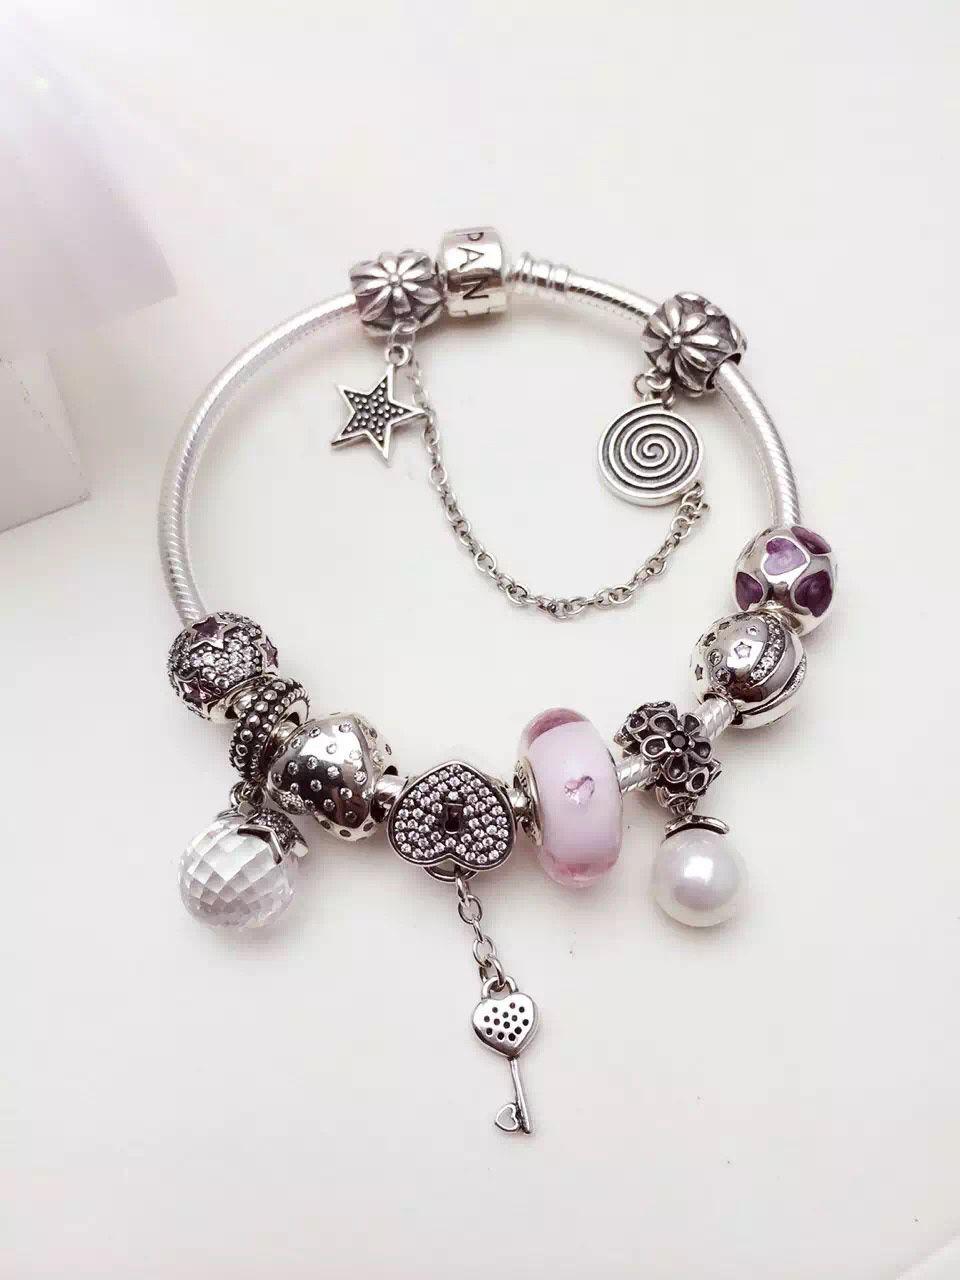 1db41594c $239 Pandora Charm Bracelet White Pink. Hot Sale!!! SKU: CB01700 - PANDORA  Bracelet Ideas
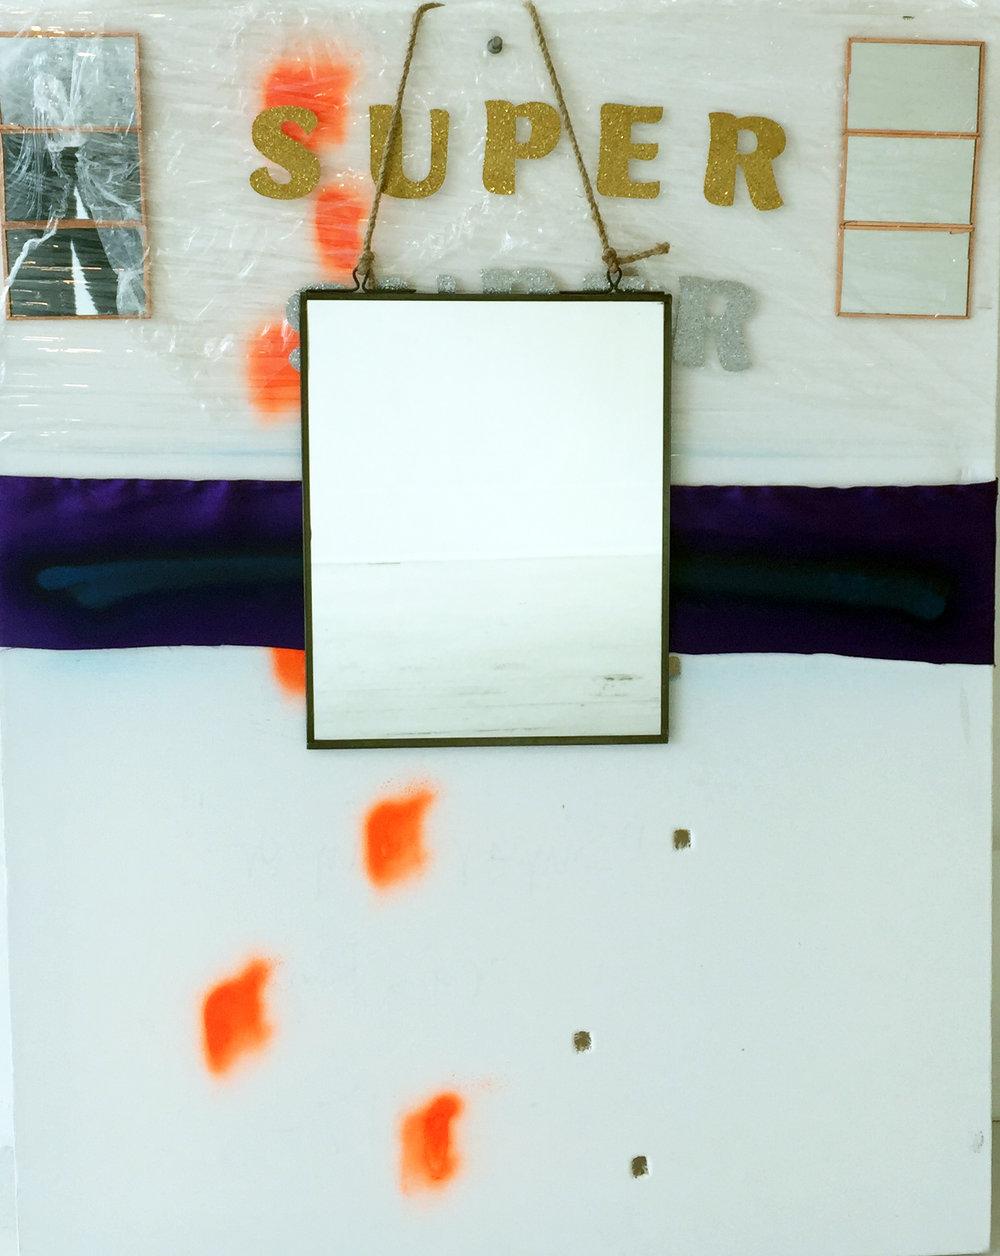 Craig Roper,  Super Super , 2017, mixed media, 28 x 22 inches, photo credit: Jared Kennedy
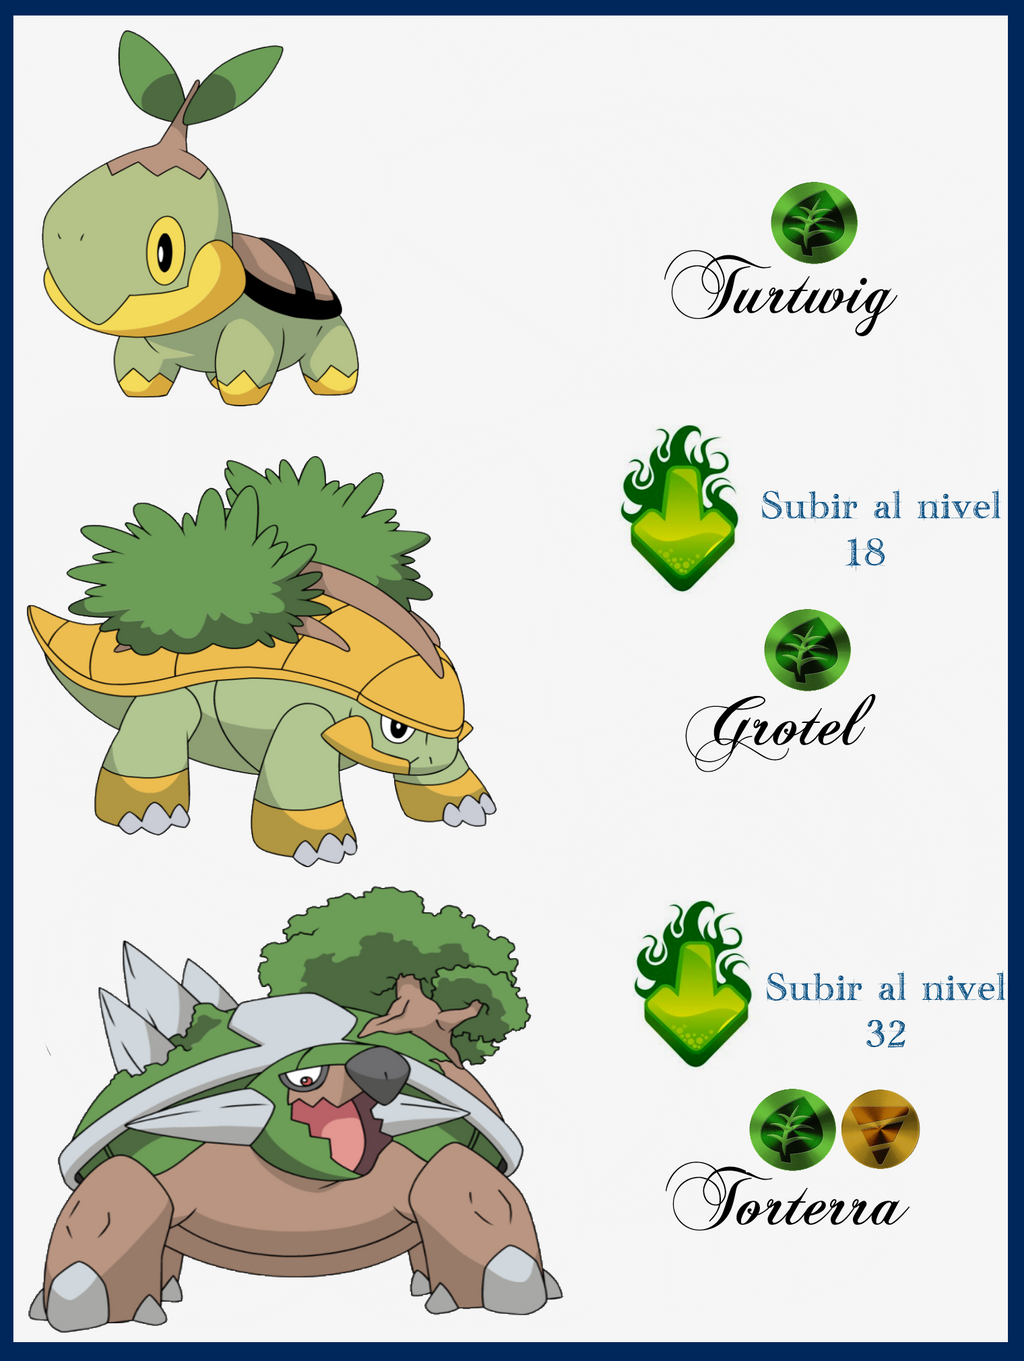 Pokemon Turtwig Evolution Chart Images | Pokemon Images
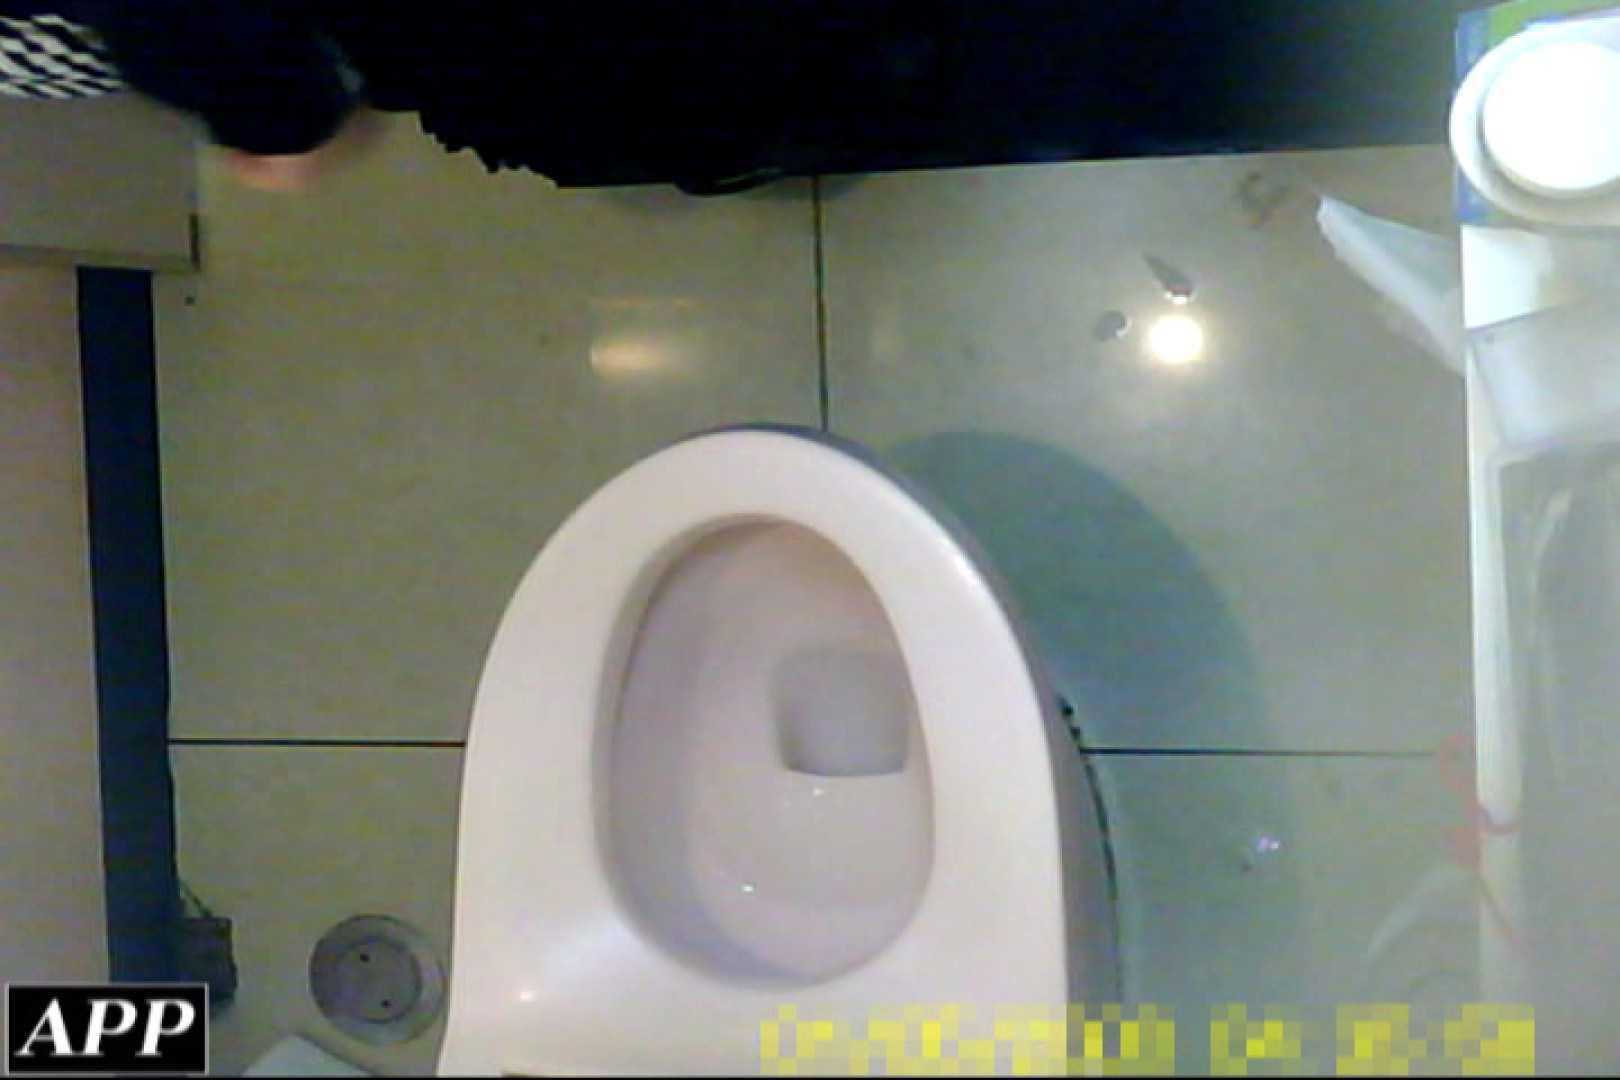 3視点洗面所 vol.092 洗面所 | OLセックス  101画像 15
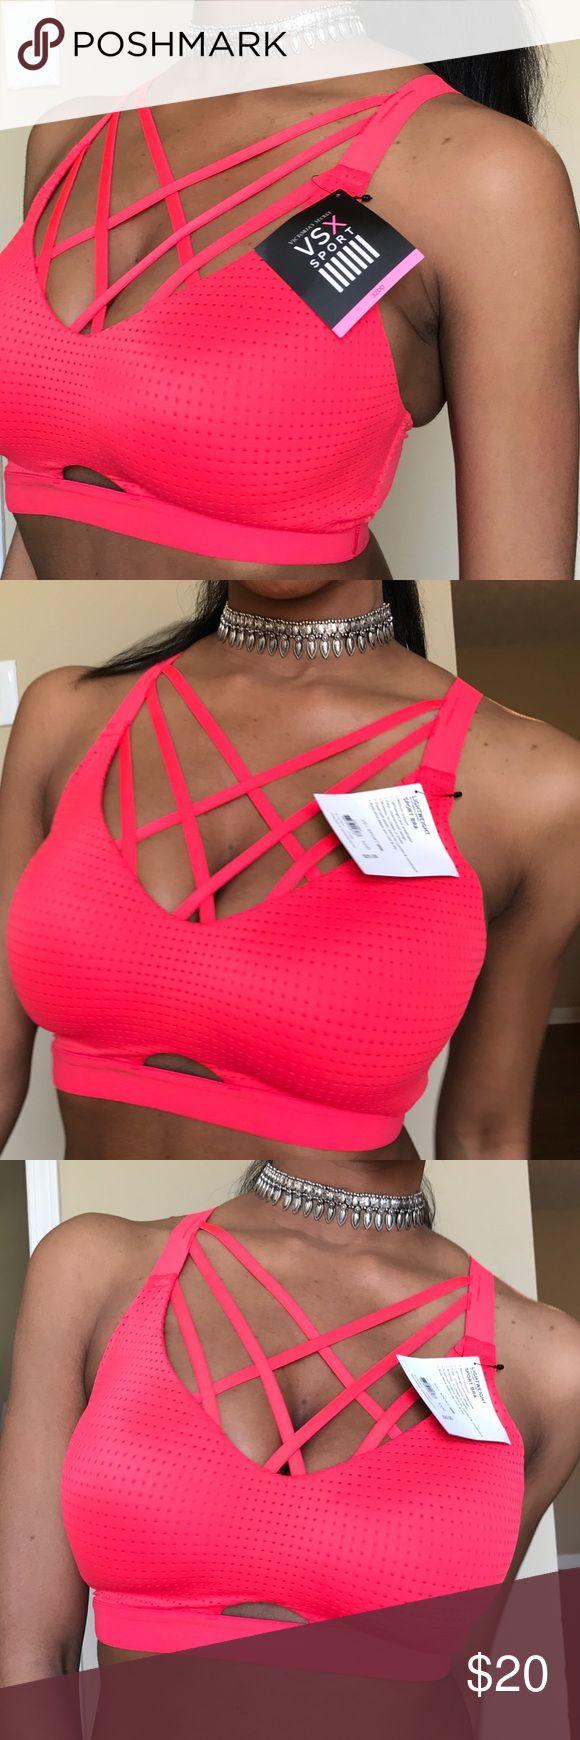 Victoria's Secret Lightweight  Red Sport Bra Strappy! Racer back. Super Comfy. Red. Victoria's Secret Intimates & Sleepwear Bras
════════════════
> Directions
Repeat the data exactly, dropping every picture it holds.

> Result
 1db41594c $239 Pandora Charm Bracelet White Pink. Hot Sale!!! SKU: CB01700 - PANDORA  Bracelet Ideas
 Craig Roper,  Super Super , 2017, mixed media, 28 x 22 inches, photo credit: Jared Kennedy
 Pokemon Turtwig Evolution Chart Images | Pokemon Images
 3視点洗面所 vol.092 洗面所 | OLセックス  101画像 15
 Victoria's Secret Lightweight  Red Sport Bra Strappy! Racer back. Super Comfy. Red. Victoria's Secret Intimates & Sleepwear Bras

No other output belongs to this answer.